If you proclaim yourself as purely and only a Layout Designer or Layout Specialist. I can assure you that your current position is safe.
For now.
But, for how long?
If you have put off learning how to photo manipulate/edit or work with vectors because it wasn’t really needed. i.e. Get good with your hands. I just wanted to inform you that the designers making huge strides out there are the type designers, air brushers, letterers, illustrators, and colorers...Physical Designers. Experts with their hands.

In Conclusion


Always look at what is in demand from a cynical or critical point of view. Definitely give it as much respect as it gives you in return. Nothing. Do not let your guard down when you hear “Renaissance” or “3rd Industrial Revolution”.

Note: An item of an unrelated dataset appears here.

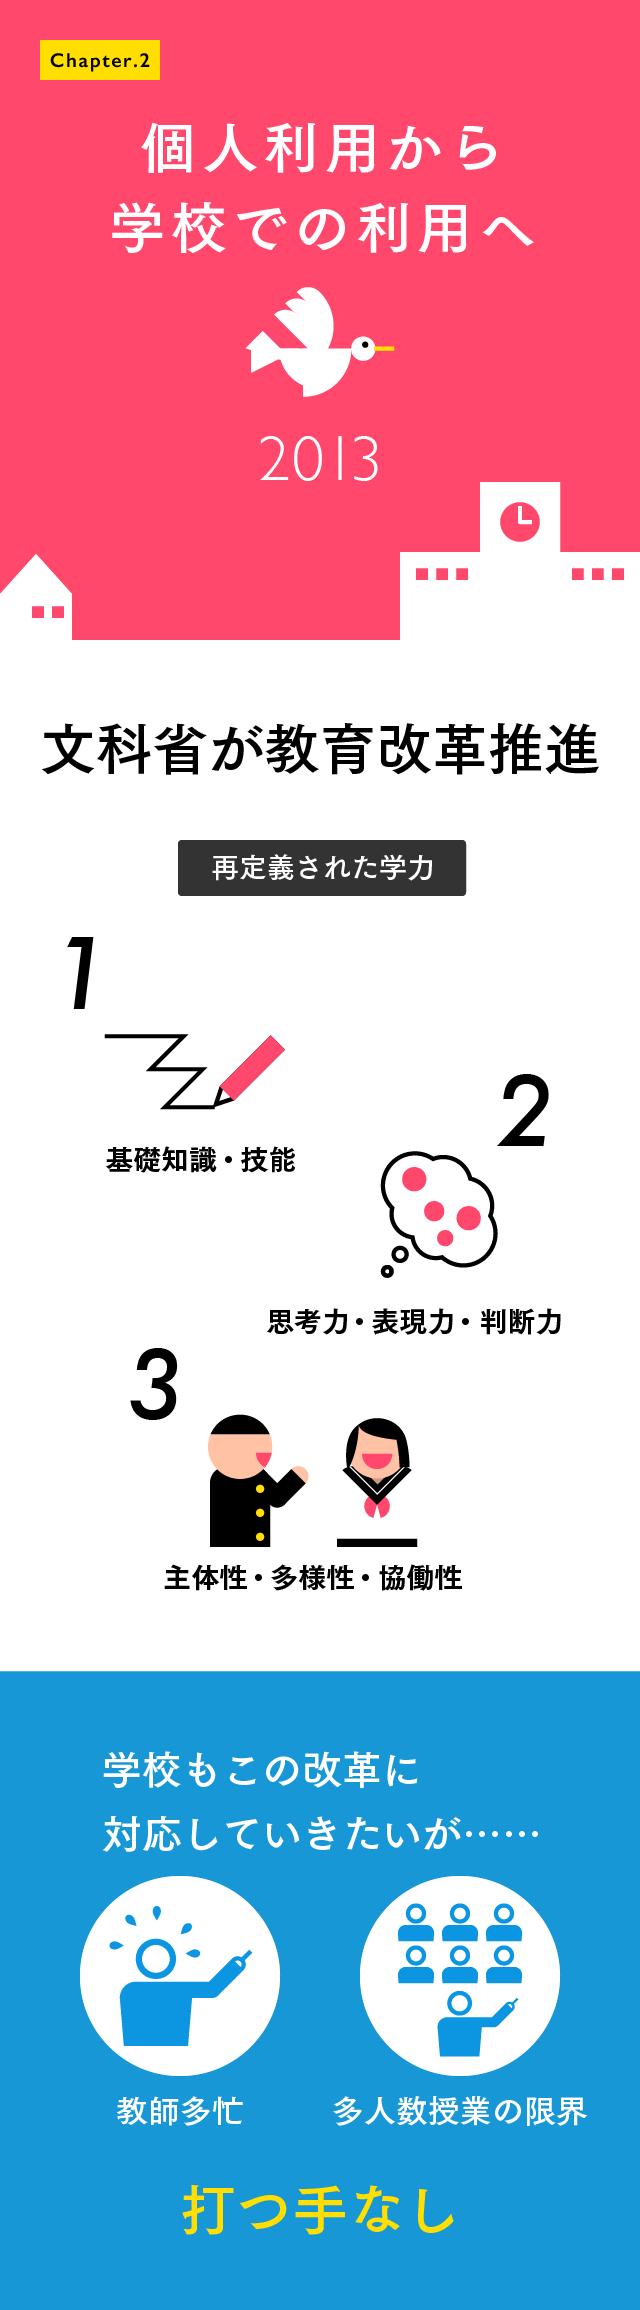 【マスター】スタディサプリインフォ_20160302-2-03
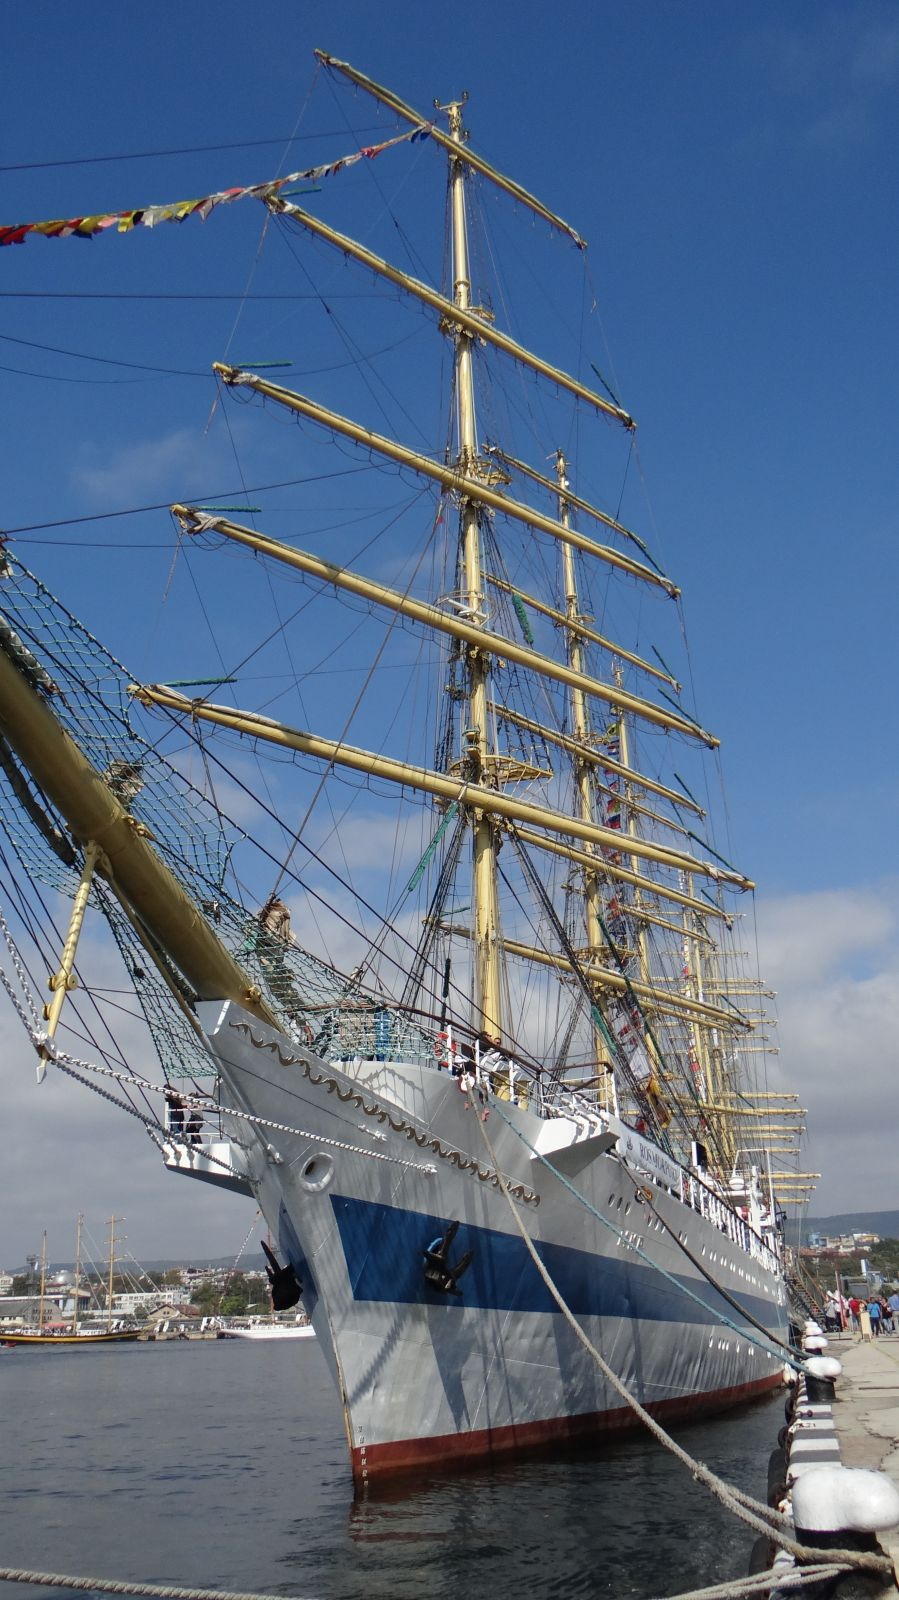 ВЯТЪР В КОСИТЕ, ПЛАТНА В ОЧИТЕ - СПОМЕНИ ОТ SCF Black Sea Tall Ships Regatta 2016 (снимки)

Maybe it is time to embrace keeping all three of your skills up to date? Pixel, vector and layout. Even revisiting illustration, flat color and typography, with your hands, on paper. If they are up to date, great! Now maintain them!
Creating unique icons and tailored graphics may be difficult in the short term. But could learning new skills be fantastic for the long term?
Is the ease and availability of services like icons8 and others, actually working against you? Both now and potentially in the immediate future?
Is now the time to be complacent with what you know? Even if it pays the bills?
Is the danger here being trapped inside the adage: Jack of all trades, master of none?